The issue of a tree is you could trivially create nonsensical relationships. An alternative would be some sort of nested attributes / tag set but even that's not excellent.
Why would an obscure name be better? This looks like an example where a very specific relationship is needed, and the name specifies precisely what that is. Choosing an obscure name for this feels like an attempt to hide the fact that this is a special case by using vague terminology.
Trees can't be used for relationships, due to the crazy things that people can do with each other. You'll need a DAG, and you'll need to detect cycles.
A pretty idiomatic (and trivial to implement) Scala way of doing this would be to have a DSL with a name for each relation and compose them together using function application. So to express "MothersSiblingsDaughter" you'd write "mother sibling daughter". The whole expression would return an object which contains a linked list of the individual components, consed together by each individual function application in the chain.
Of course, this is kind of co-opting the call stack to build up at runtime what the compiler can already provide as an AST, so it might be better to just use a macro.
This representation can't be serialized quite as easily as a single symbol or whatever Apple is doing, but it is infinitely flexible. And it seems like a code smell to me that they have a special case for the father's brother, while the mother only has a generic "sibling." It should be up to the view layer to determine that kind of localization-specific logic. If you just store a completely arbitrary relation then you can punt it to the localization to decide how to translate that into meatspeak.
I still don’t think this is a good solution because of the common CNLabelContactRelation prefix. It would be better to introduce a CNLabelContactRelation enum? Then the enum cases would be much less painful. Or at least an empty enum as a namespace:
enum CNLabelContactRelation {
static let aunt = "…"
static let auntFathersBrothersWife = "…"
}
Why on earth would someone do bug fixes for free for a corporation that has cash reserves of $250 billion but is too stingy to pay for quality control?
But by fixing it yourself, aren't you effectively training the corporation to stay sloppy? Sure, this bug is fixed right now. But a year down the road, when the staff count for quality assurance gets renegotiated, the position to deliver quality out of the box gets weakened, resulting in even more bugs of this kind.
> Are you saying that no-one should report anything because it encourages them to let bugs slide into production?
No, of course not :) That would indeed be absurd. What I meant was this particular case. Apple of all companies is by no means incapable of hiring people to deliver quality. They make billions upon billions by avoiding taxes[0] and shifting production to deleloping countries [1]. If a company like this learns that it can externalize QA even more, they will do so. We are not talking about social contract like situtions here, this isn't open source software.
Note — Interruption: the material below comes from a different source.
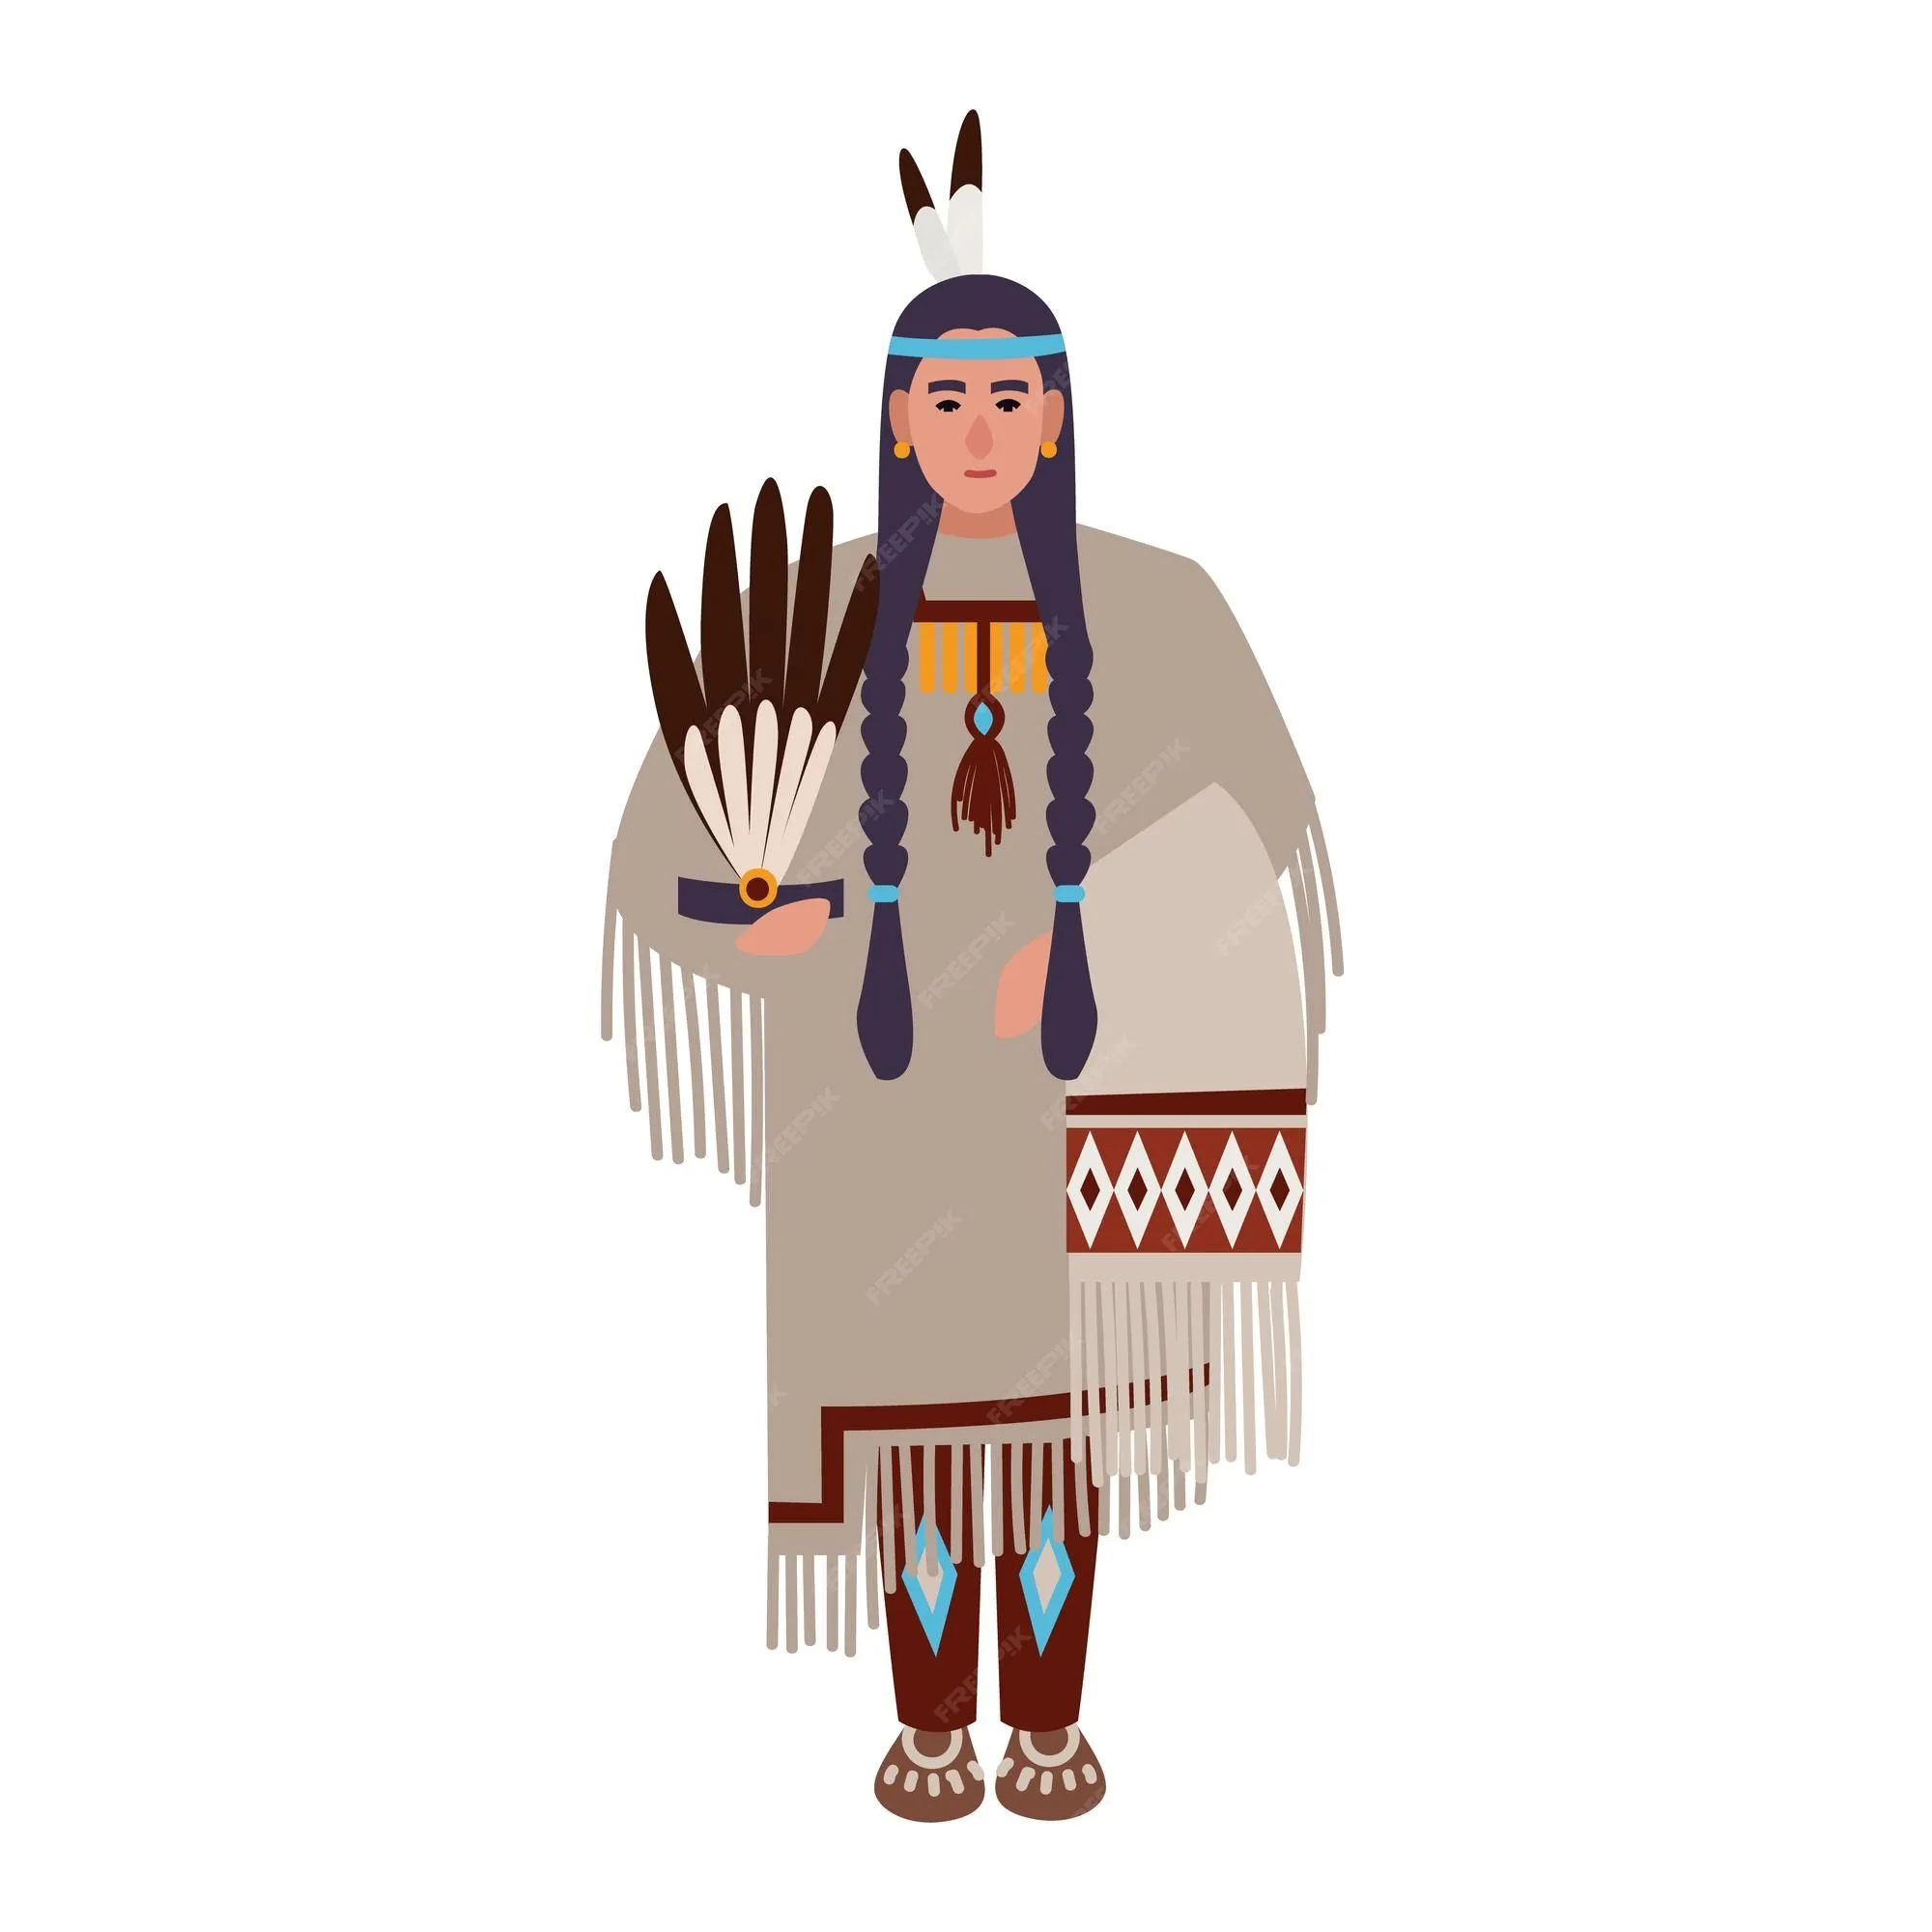 Mujer indígena americana con trenzas o india vistiendo ropas tribales  étnicas. pueblos indígenas de américa. personaje de dibujos animados  femenino aislado sobre fondo blanco. ilustración de vector plano colorido.  | Vector Premium

Apple's bread-and-butter is products. To the extent that they shift their focus from their products, they jeopardize profits and every other measure of business success.
Good QA is part of being focused on products. So our response (or lack of response) to glitches like this in their software is very unlikely to affect their overall approach. Either they're product-focused or not: if they are, they'll be profitable and QA will be good. If not, they'll eventually fade away anyway.
... All to say, if you want to see issues like this fixed, I suggest reporting them and not worrying about it.
I can see why this is needed. English has very broad words for relatives like "grandfather" or "aunt". Most languages have more specific words, especially Chinese where there are separate words for fathers or mothers side, older or younger and sibling or siblings spouse. You also often use these relation words rather than their names when referring to a relatives. If this code was in Chinese, they would all be short words.
English words like "aunt" cannot really be translated into Chinese. If you are translating a book you either try to figure out the exact relation from the context, or just pick one if it doesn't matter. In someones address book you can't do that.
I read a book where this difference in expressiveness removed a subtlety of writing from the translated version.
The original English version had a passage where it was unclear (on purpose) which grandmother was being referred to (it later turned out to be the one you didn't expect). However, with Swedish having no generic word for grandmother (only mormor and farmor), this nuance was lost in the translation.
In Vietnamese there are at least 4 different relationships that we call "uncle" (father's/mother's older/younger brother) in English! I have no idea how you refer to cousins. My teacher told me when he visits family he often doesn't know the word for his own relationships. Apple trying to capture a complete multilingual kinship lexicon sounds like an impossible task, I guess they must be focussing on specific languages here (Chinese is a good bet).
Genuinely curious, but is it actually like that in most languages? I wondered if it was maybe an East/West difference, since I haven't come across that in my French & German learning, and I didn't think Dutch or Danish were like that either. But apparently Swedish does have this (eg faster/moster for paternal aunt & maternal aunt)?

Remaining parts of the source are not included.